What the task asks ->
In the material below, find the line containing "TRiO Teacher Support Services" and the line containing "k /Wi-Fi düğmesi". Output those two lines and all lines between them exactly, without pictures.

Data for this exercise ->
----------
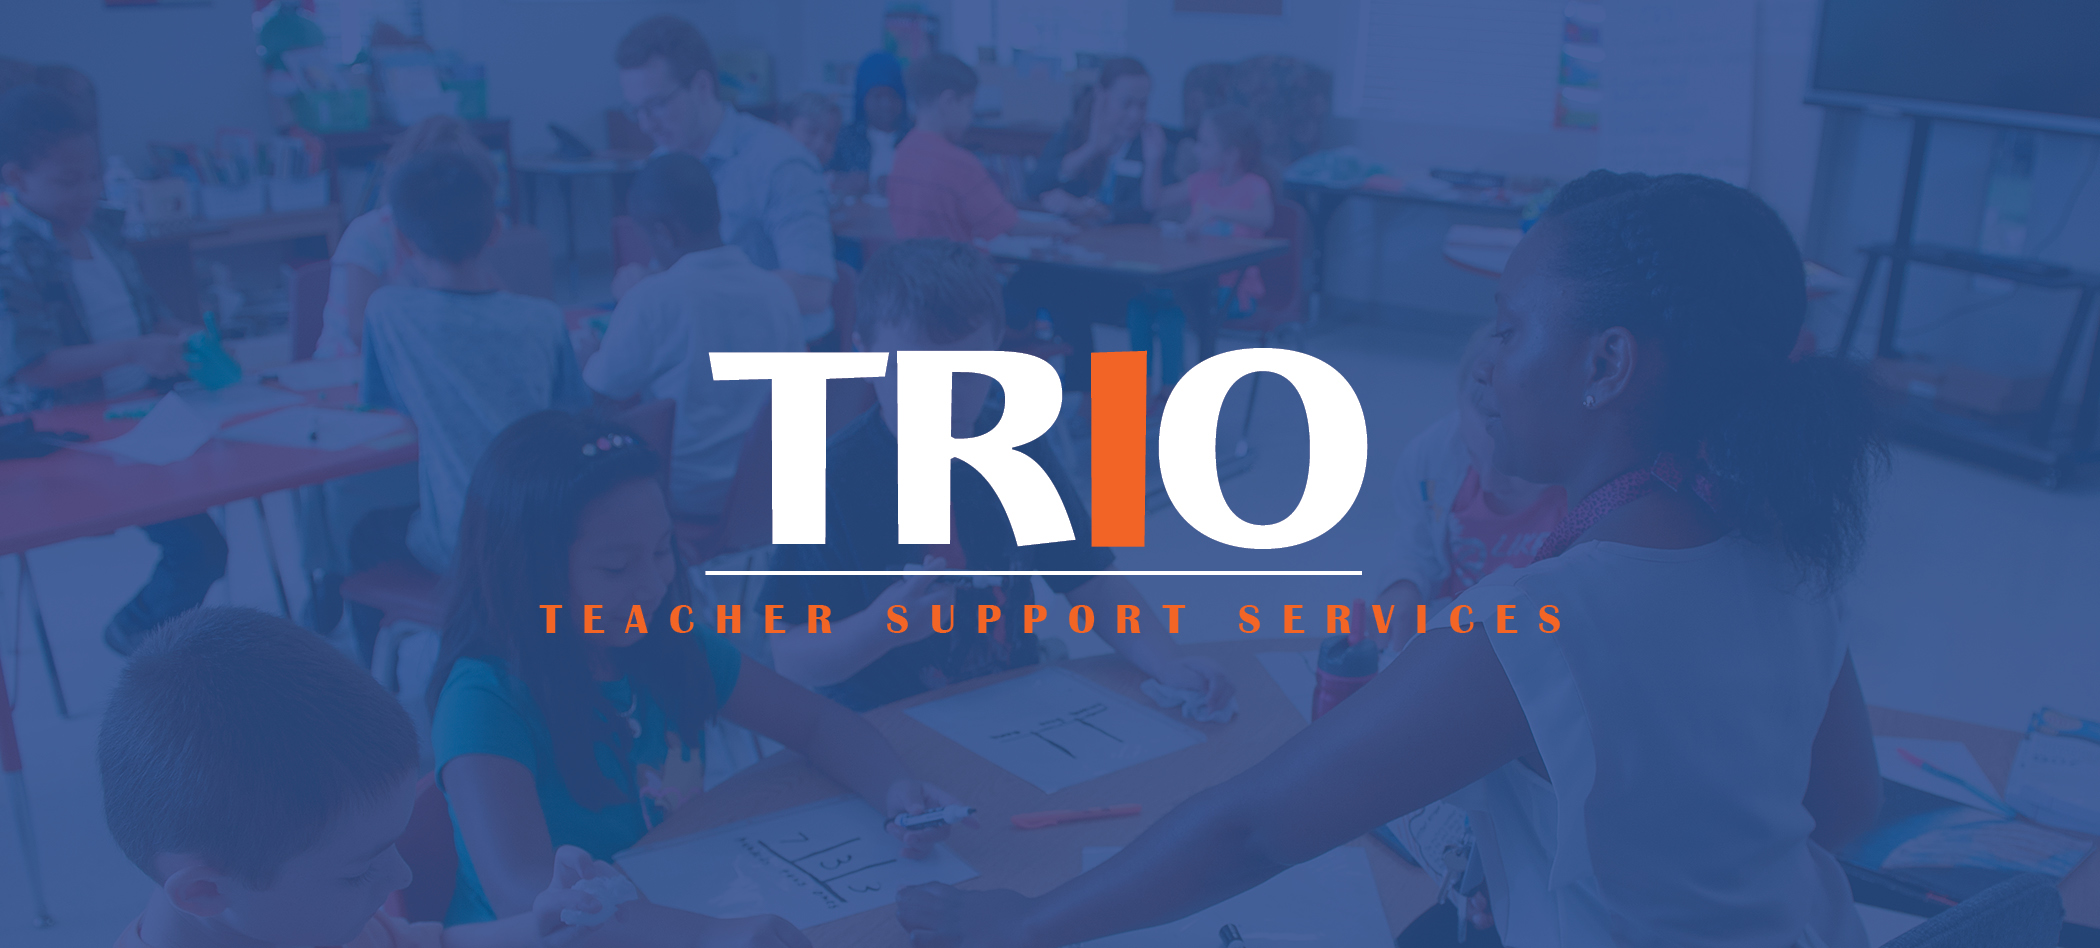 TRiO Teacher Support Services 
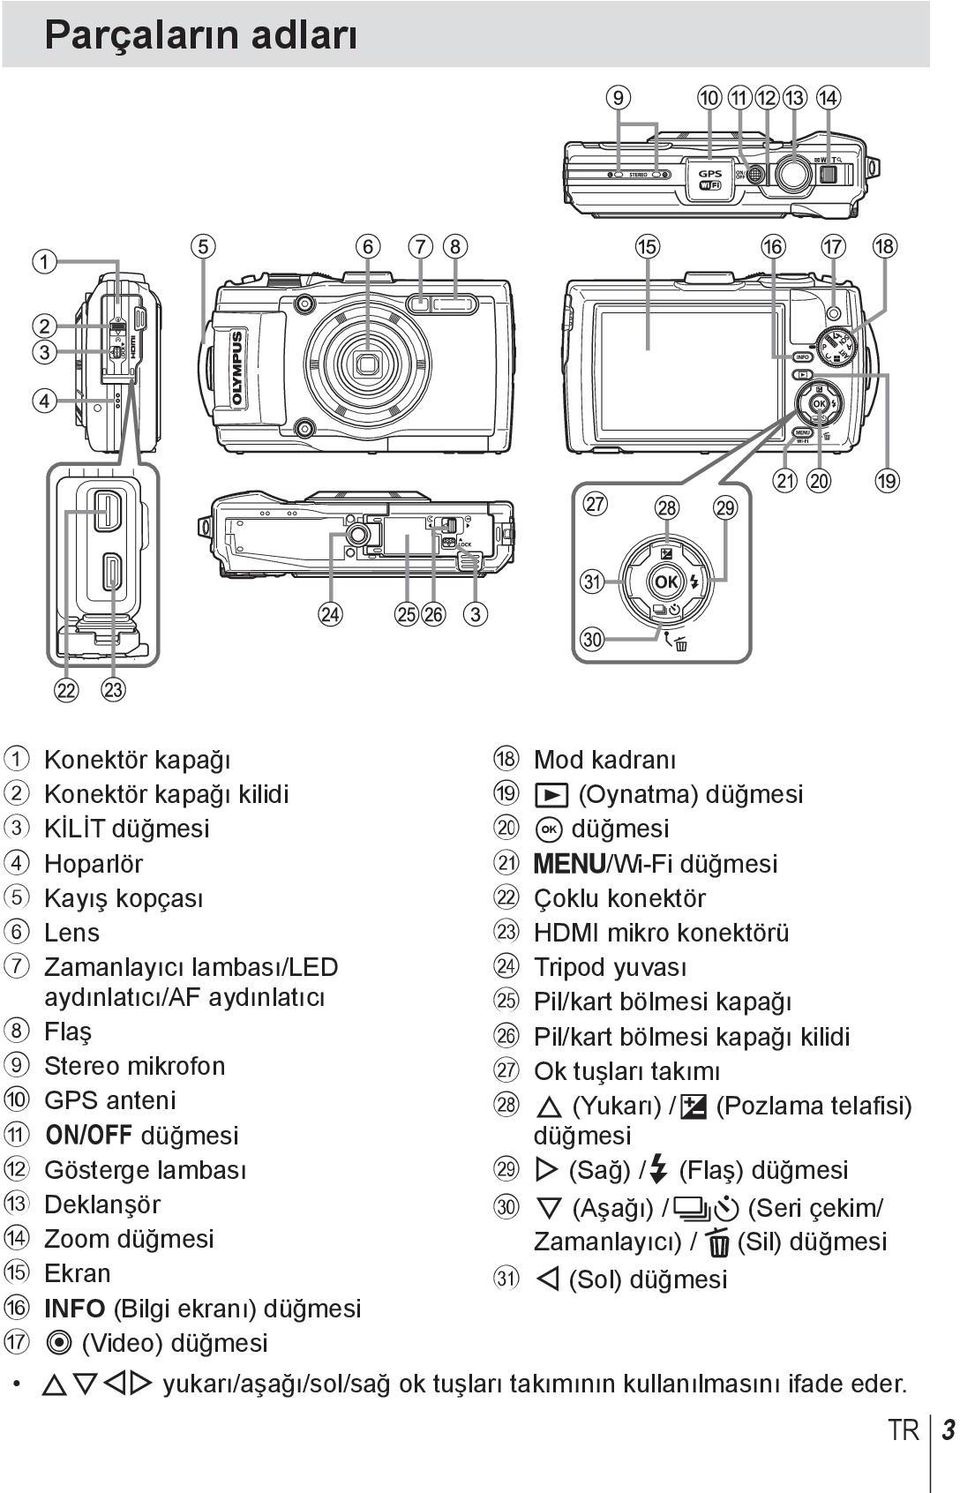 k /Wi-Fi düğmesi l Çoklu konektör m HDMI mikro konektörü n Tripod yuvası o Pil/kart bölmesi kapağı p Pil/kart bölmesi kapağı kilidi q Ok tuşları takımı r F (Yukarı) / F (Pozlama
----------
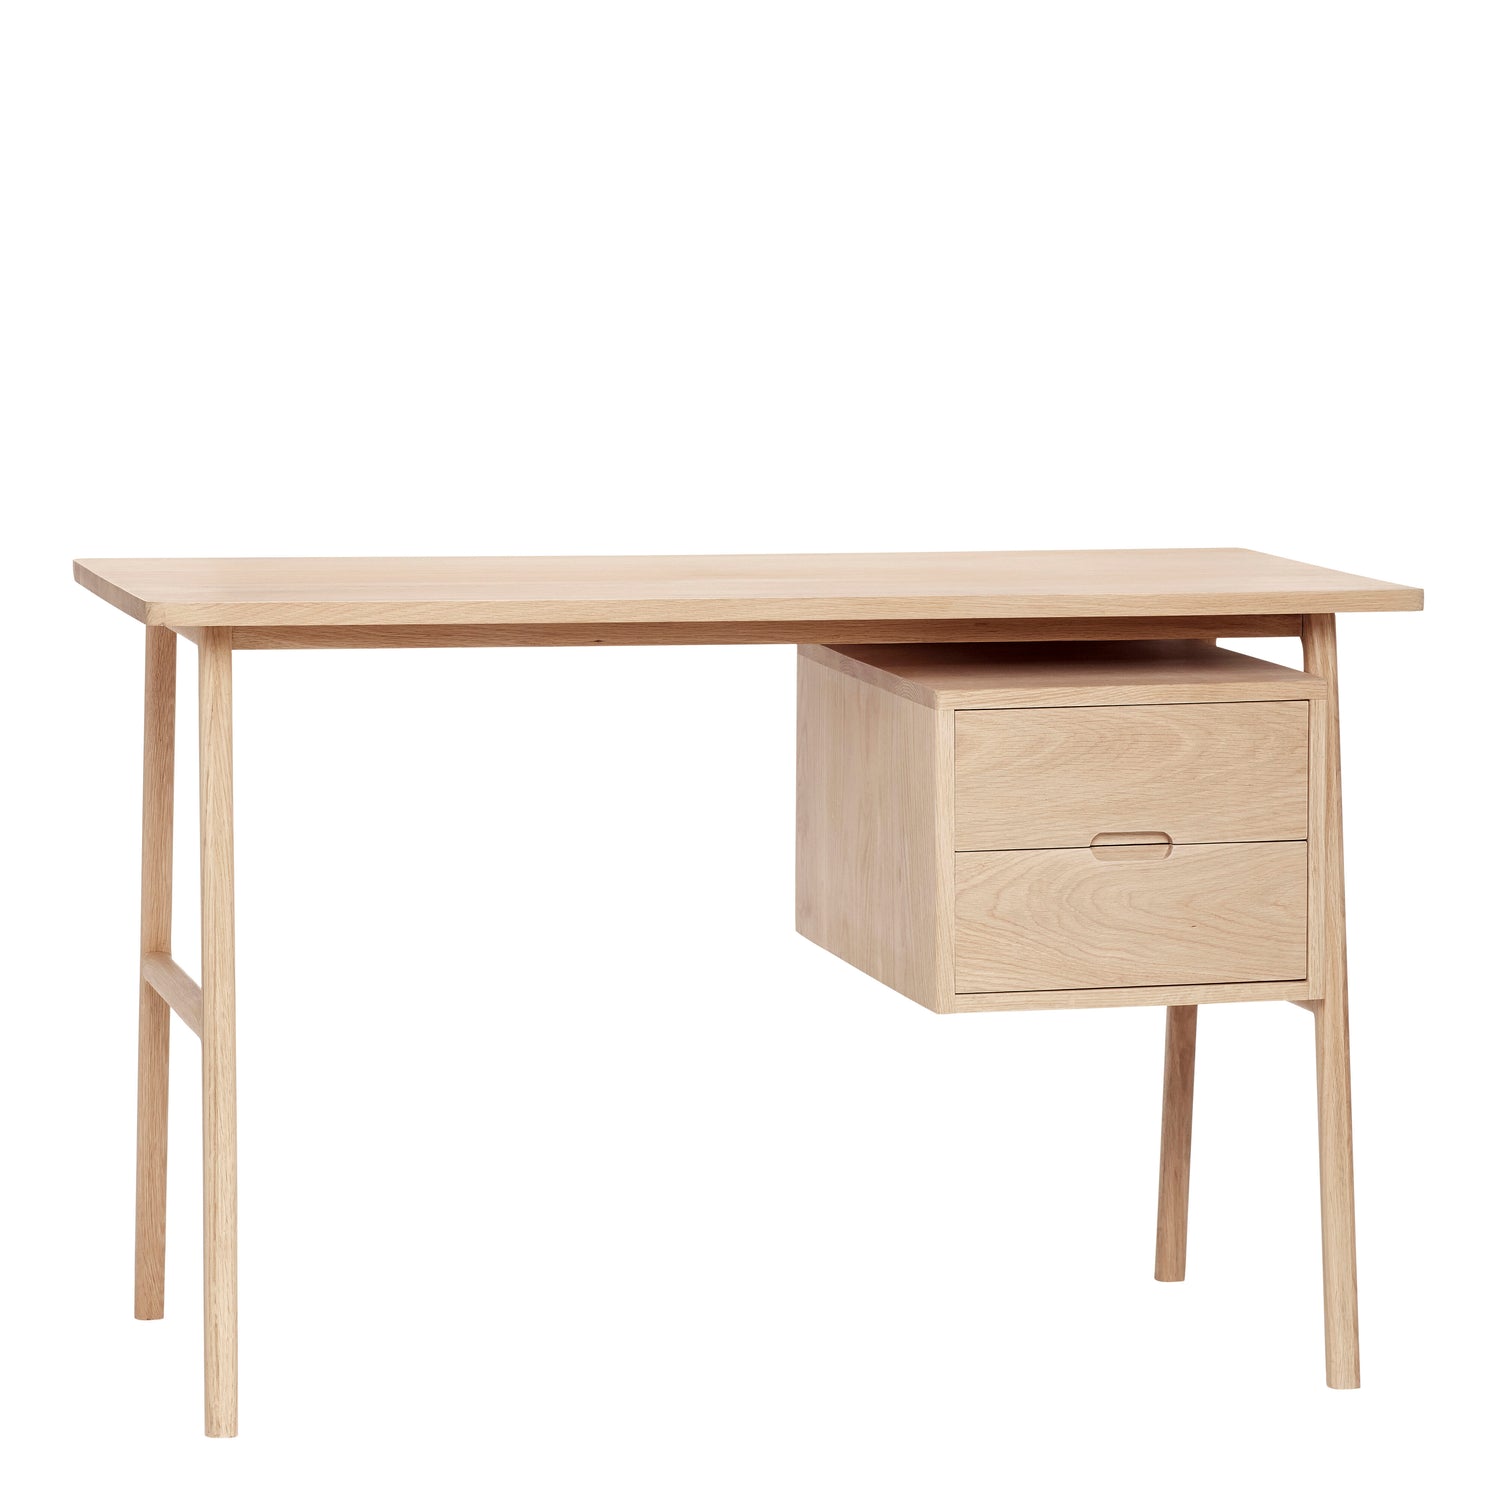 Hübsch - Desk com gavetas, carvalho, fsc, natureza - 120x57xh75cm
----------
Solution ->
 TRiO Teacher Support Services 
 k /Wi-Fi düğmesi l Çoklu konektör m HDMI mikro konektörü n Tripod yuvası o Pil/kart bölmesi kapağı p Pil/kart bölmesi kapağı kilidi q Ok tuşları takımı r F (Yukarı) / F (Pozlama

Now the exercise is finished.